* SUPPLIED DATA:
:::::
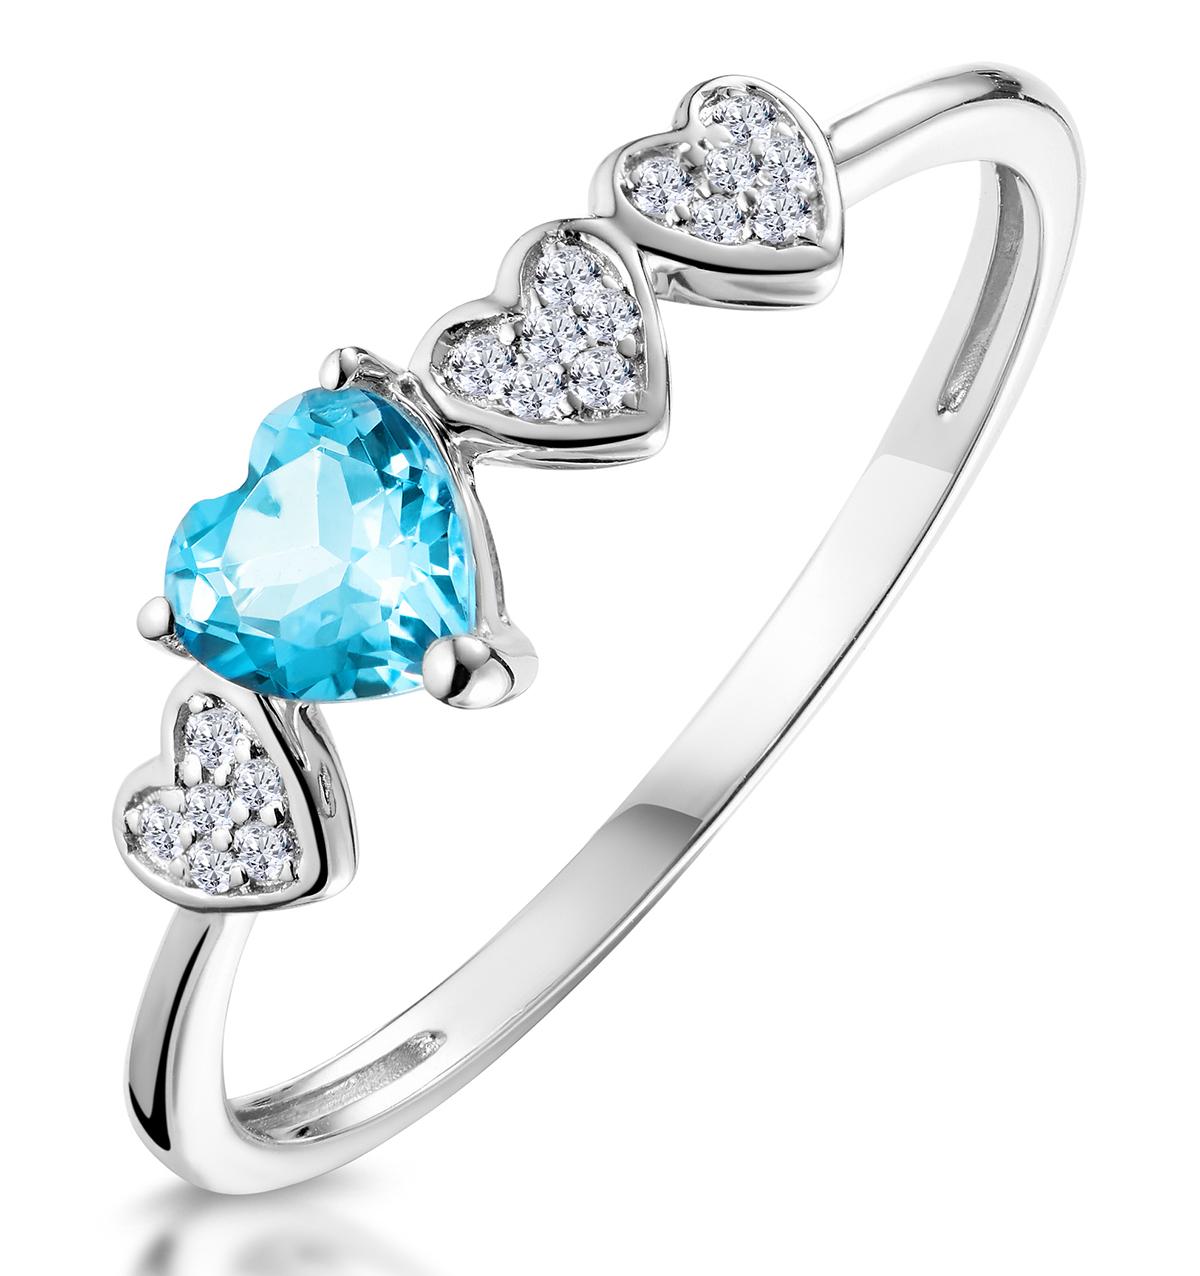 0.39CT SWISS BLUE TOPAZ AND STELLATO DIAMOND RING IN 9K WHITE GOLD
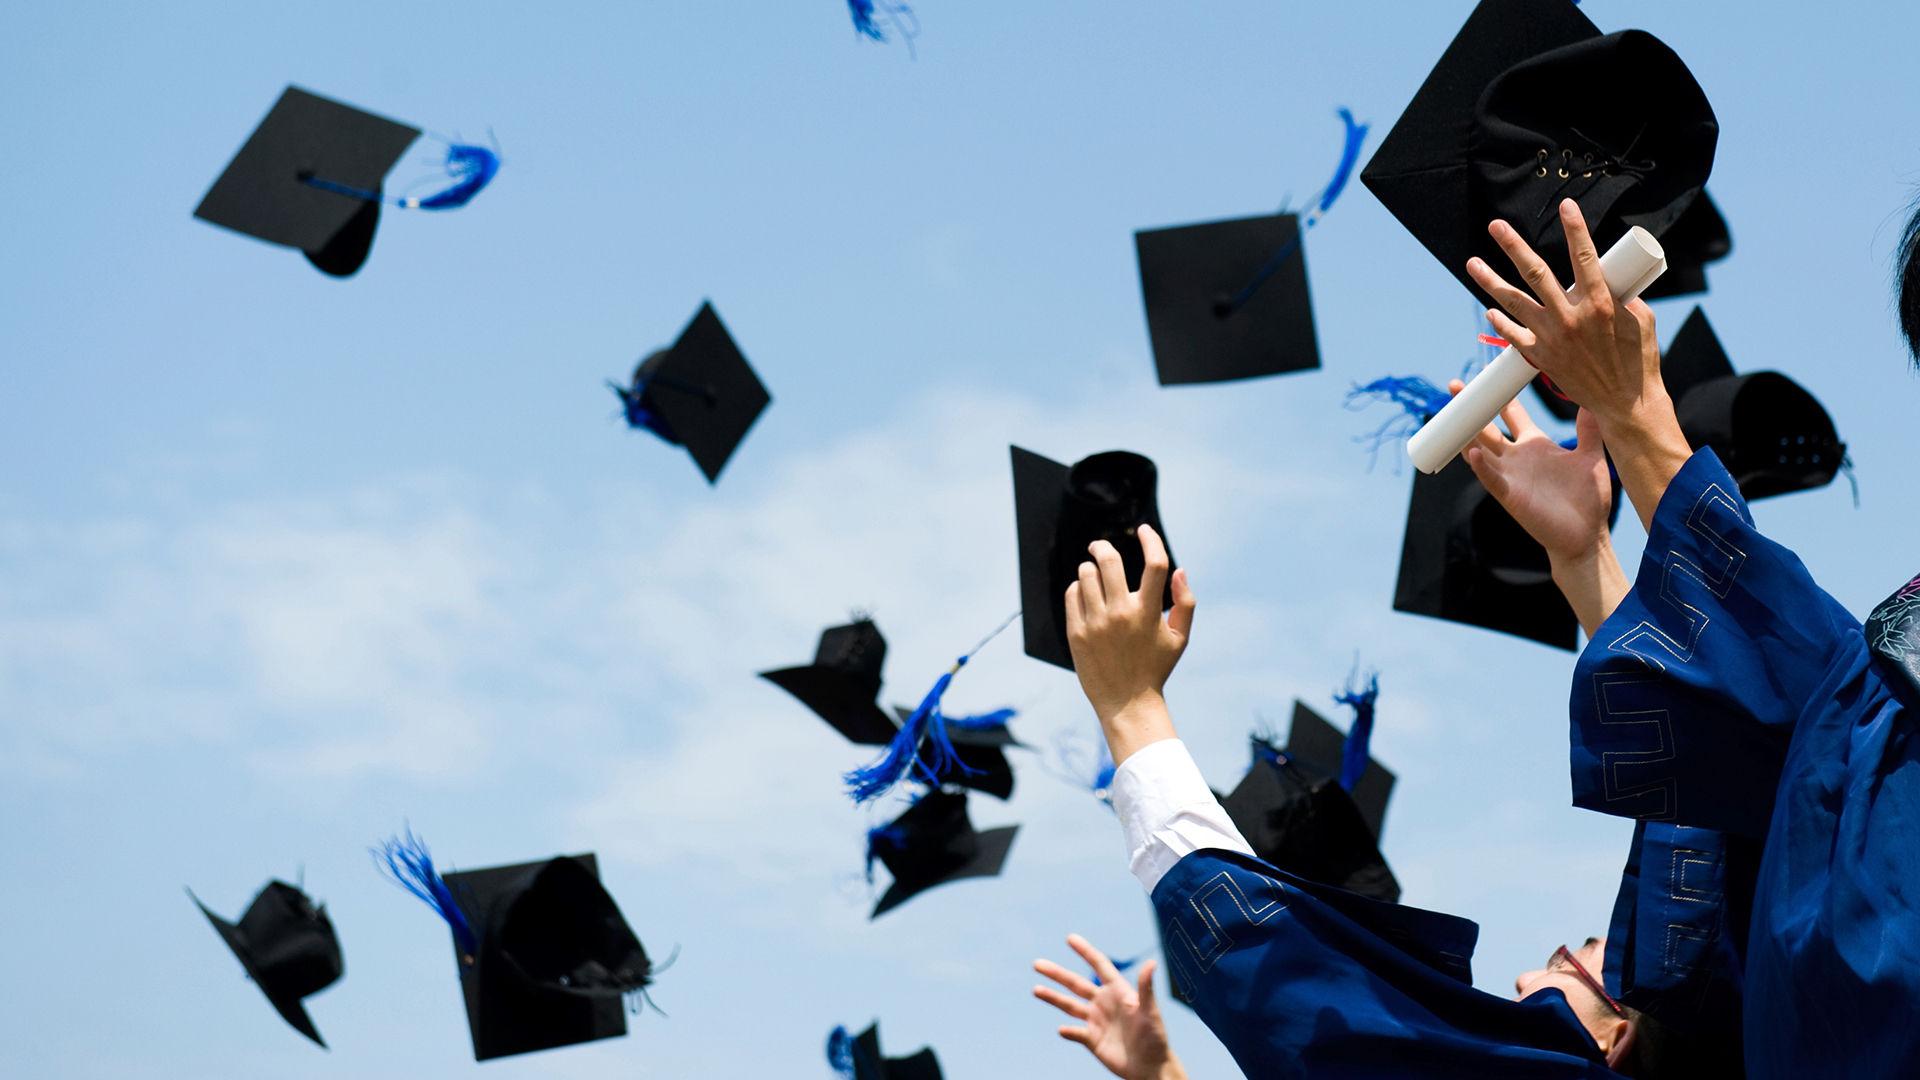 Graduation caps in air | Sheknows.com
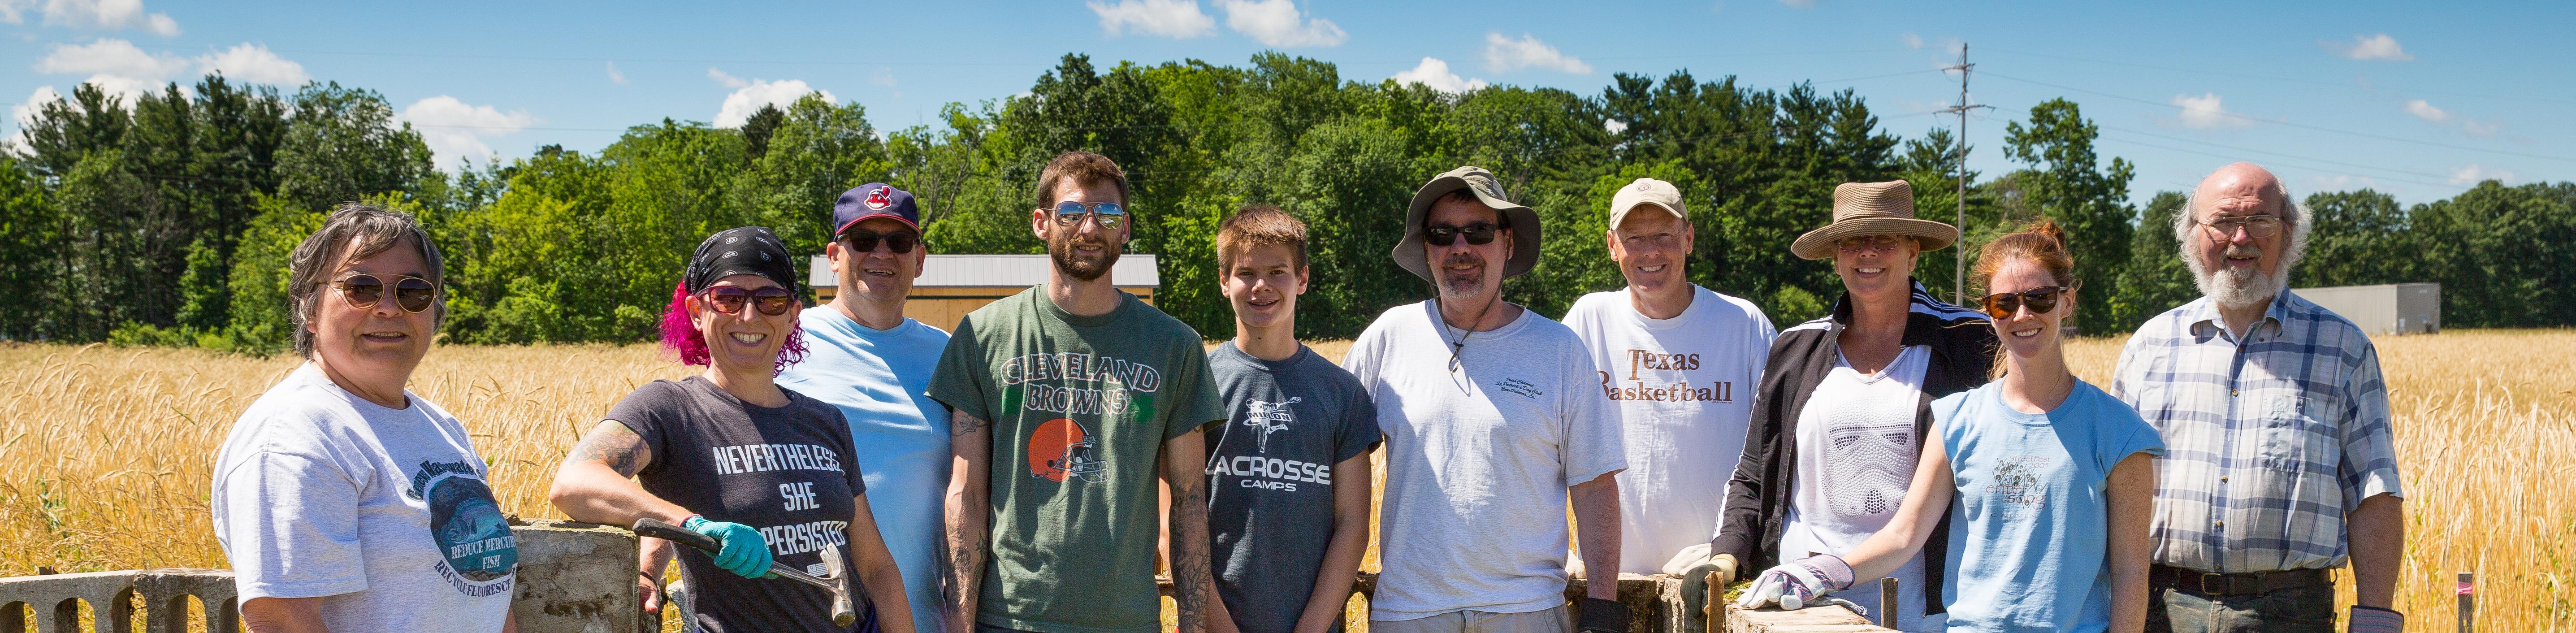 Friends of Bellwether Farm
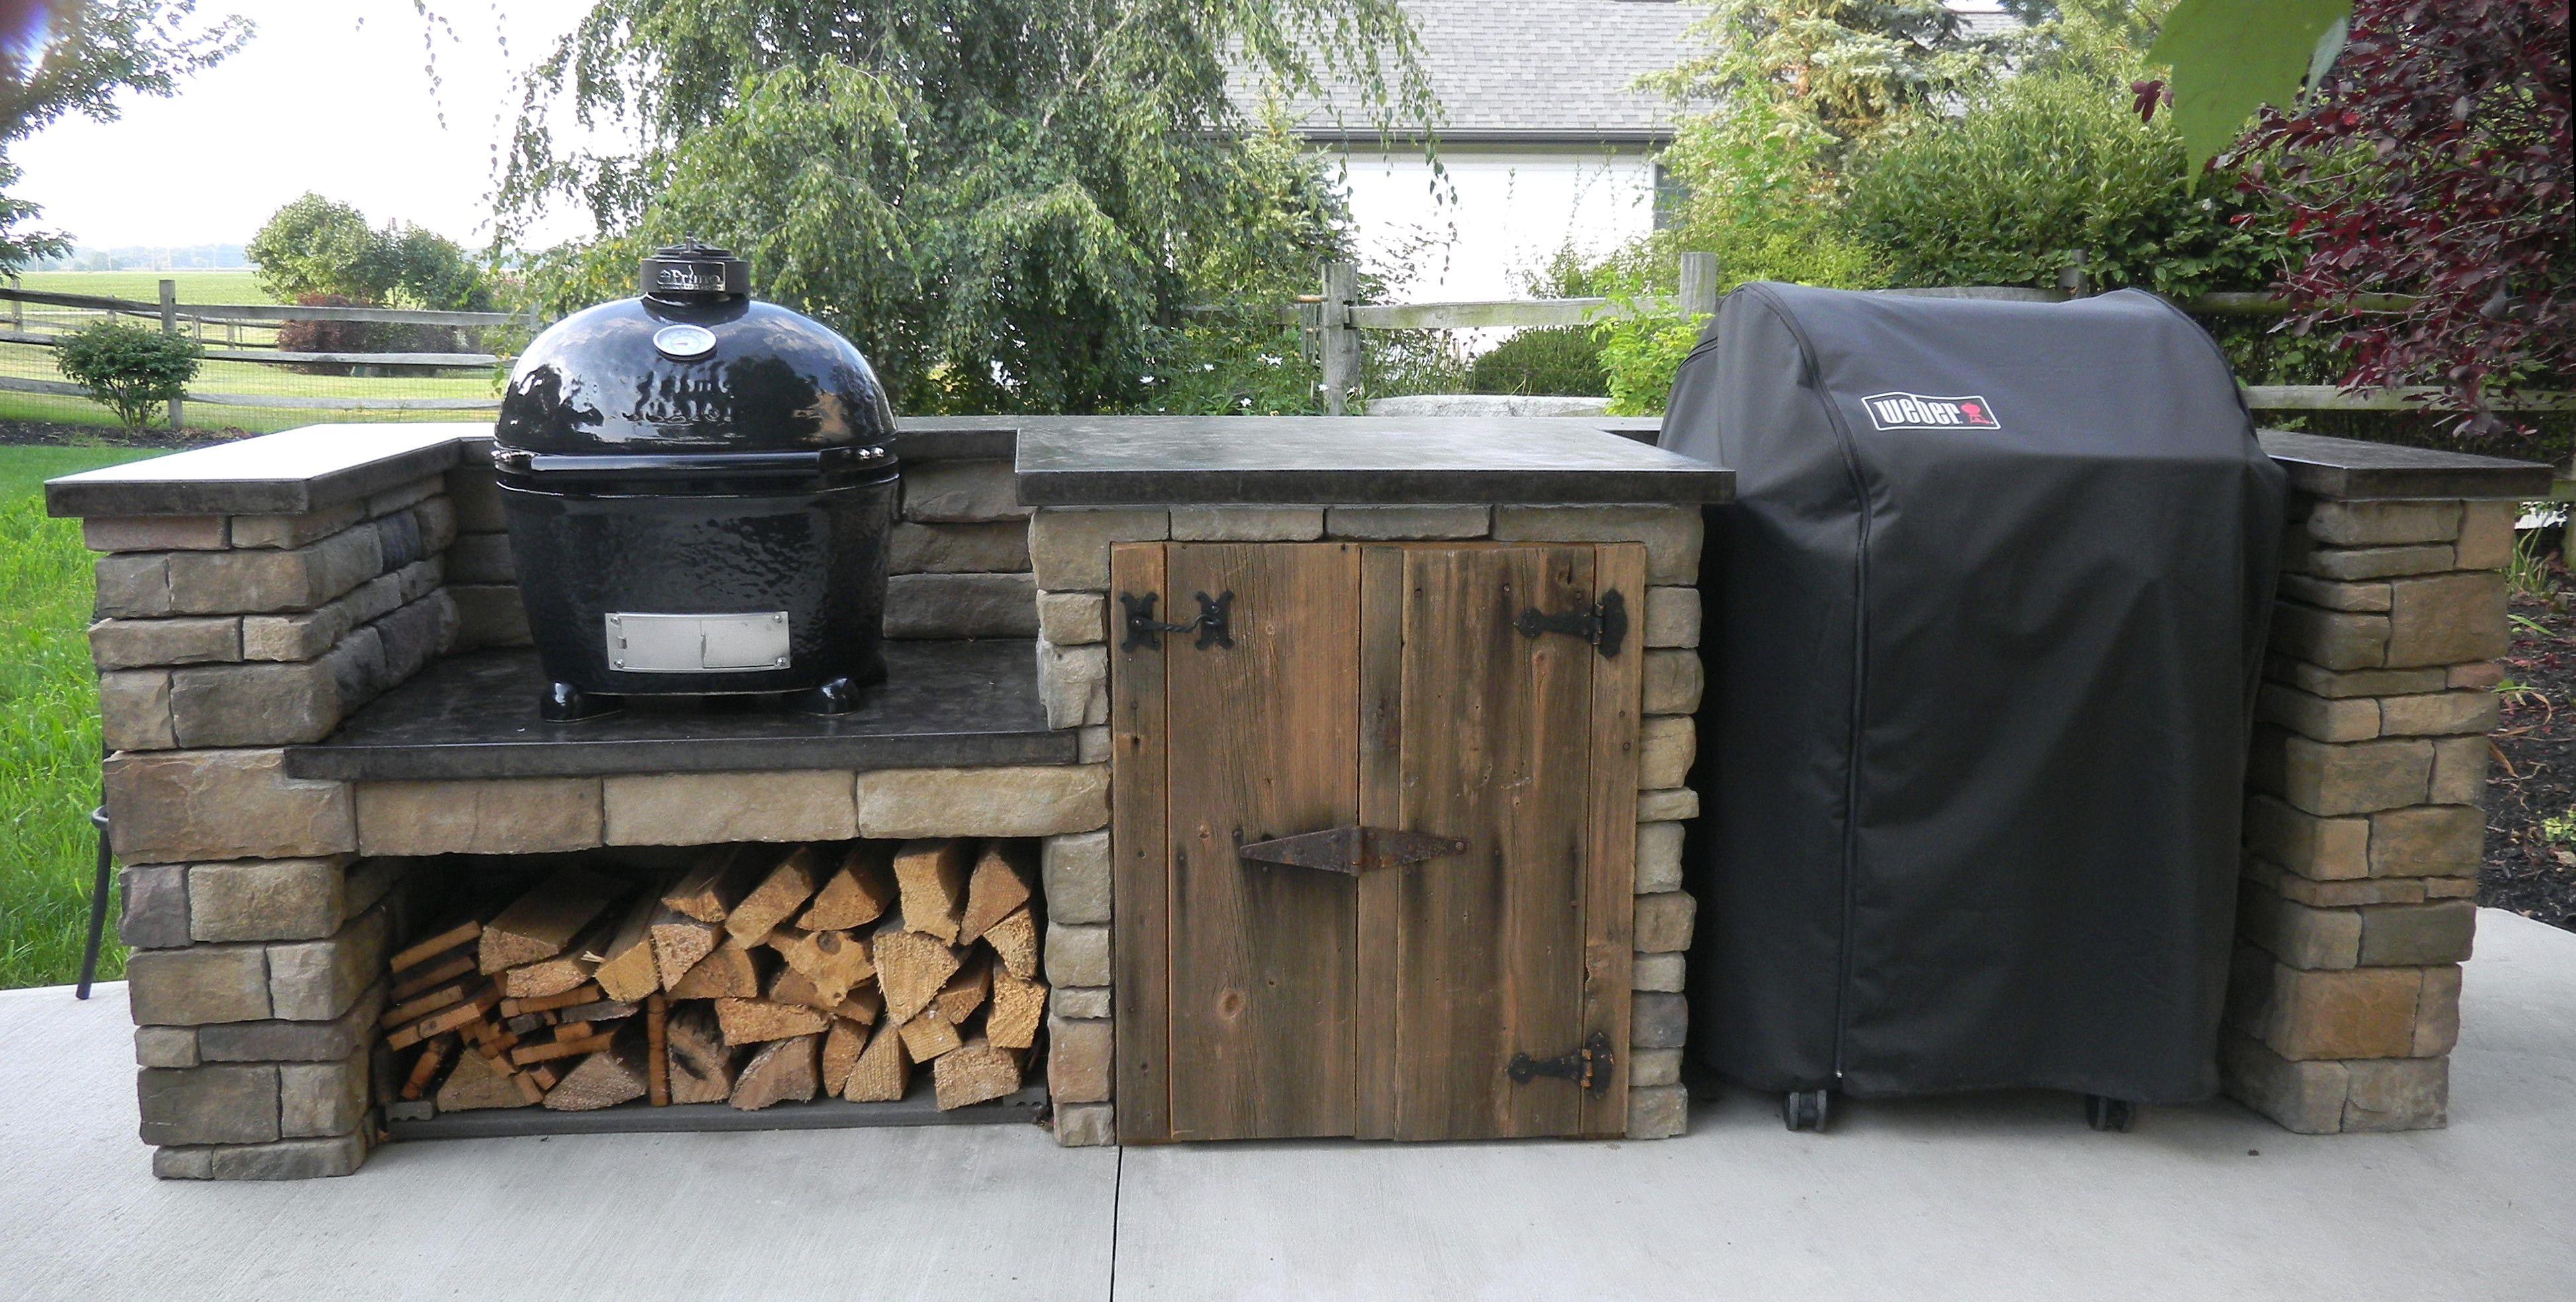 Best Charcoal Grill Smoker Combo That You Can Buy Under 300 Parrilla Exterior Cocina Al Aire Libre Asador
:::::
* WHAT TO WORK ON: Every line from the one holding "Friends of Bellwether Farm" to the last line of the listing above, inclusive, must appear exactly as written, and no picture may appear.

* SOLUTION BELOW:
 Friends of Bellwether Farm
 Best Charcoal Grill Smoker Combo That You Can Buy Under 300 Parrilla Exterior Cocina Al Aire Libre Asador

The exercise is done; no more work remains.